OK to do hard reboot during chkdsk on vista? Raid 0 write error.

Well I guess the obvious answer is no, but I’ve done it anyway, and So I guess my GQ (1) is - are computers these days designed to cope with sudden power loss in a hard reboot? (the kind where you hold the power button in until it turns off)

I got an error something like ‘raid 0 write error, it should be ok to backup your data’. Everything seemed fine. I rebooted the computer anyway, it showed ‘disk error’ on the pre POST raid screen. But computer logged into windows fine. I went into the intel raid disk manager thing and clicked ‘mark drive normal’. Did another reboot and the pre-post screen showed both disks fine.

SHould I be worried? - is the drive on it’s way out? Or am I just experiencing an inevitable one-in-a million disk write error and the raid controller is designed to flag this and ask you to backup data.

Anyway, going back to the original GQ. The reason I rebooted on running chkdsk was that I’d set my partitions (two partitions spanning one raid-0 drive (two physical drives)) to run chkdsk at reboot. I had no idea how long it would take!! 3 hours in and the first partition(250gb) had just finished. the other partition (750gb) was clearly going to take many more hours. I tried using the keyboard to stop it but it ignored me so I held the power button in.

Only, on reboot it began the chkdsk again.

I eventually got it to stop doing this by doing ‘last known good configuration’ on the f8 screen and all is tentatively well at the moment.

RAID 0 is not a good idea unless you have good backups. And yes, you should be worried: if either disk goes, you’re hosed.

I don’t need to back anything up.
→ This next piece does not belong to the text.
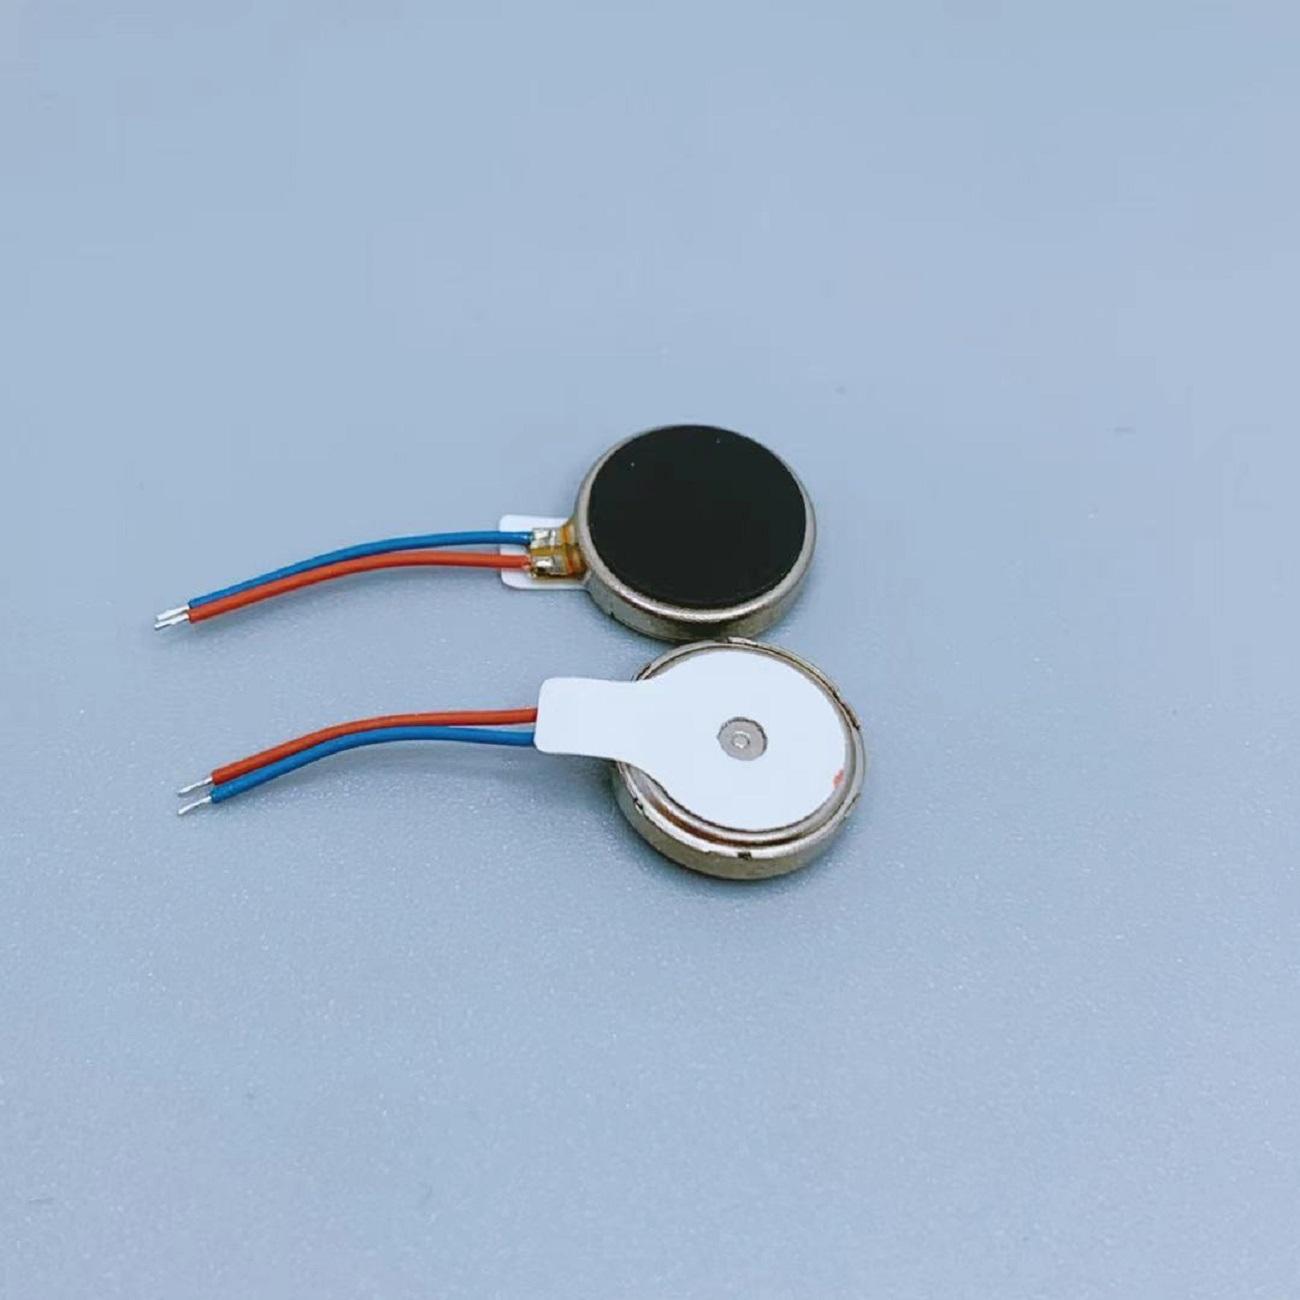 Dia 10mm*2.0mm Smartphone Vibrator | Mini Vibration | LEADER LCM-1020

It would just be an inconvenience.

And of course I would be annoyed if one of the drives goes.

What I’m asking is - should I be worried that one of the drives might go?

In other words what are the chances of one of the drives going?

There is a 100% chance that one of the drives will go it just depends over what length of time you are looking at.

Is that sarcasm, or are you saying that now that there’s been an error, the chances of one of the drives going has shot up?

Could it be a controller problem?

No sarcasm intended. Raid 0 is just plain writing across all disks, there is no redundancy if one drive fails you lose everything in the raid (thus the suggestion by others to backup)

Every drive on the market will fail at some point in time and if your system has indicated a writing error then there IS a problem. The question becomes was it a localized problem to that one sector or is your drive or drive controller failing.

That we can’t answer.

Would chkdsk answer that? (If I let it run)

You’ve got to differentiate here between logical errors - which at worse can be fixed by a reformat - and physical errors, which are unfixable. If you’ve got a logical error, Chkdsk may well fix it; if you’ve a physical error, Chkdsk will mark the sectors as damaged and minimise the damage. The problem here is that you’re likely using IDE drives (maybe with a SATA interface but they’re still IDE). IDE drives should remap bad sectors automatically. If this is not happening, then you’ve filled the emergency area (there’s a specific term, but I forget the name) and ths is a harbinger of Bad News.

Check the Event Log - it should tell you which drive has problems.

chkdsk will try to move readable data from a bad area to good but the question still remains why the area is bad.

I know spinrite has been used to “refresh” drives resolving some logical errors. I’ve used it myself to recover some drives. Also if your drives support S.M.A.R.T enable them and you will get more data.

These are the errors for the day it happened…

“The shadow copies of volume C: were aborted during detection.”

“The device, \Device\Ide\iaStor0, did not respond within the timeout period.”

I googled the second, and got this link - http://www.intel.com/support/chipsets/imsm/sb/cs-025783.htm - which suggests it’s an issue with the intel storage manager and windows.
Just posting this for information.

Here is a good way to judge the kind of error you are seeing: It can indicate the drive is failing. If its not critical data or a production server, let it ride if you have backups. If its just something mission cirital I’d replace the drive at the first sign of trouble.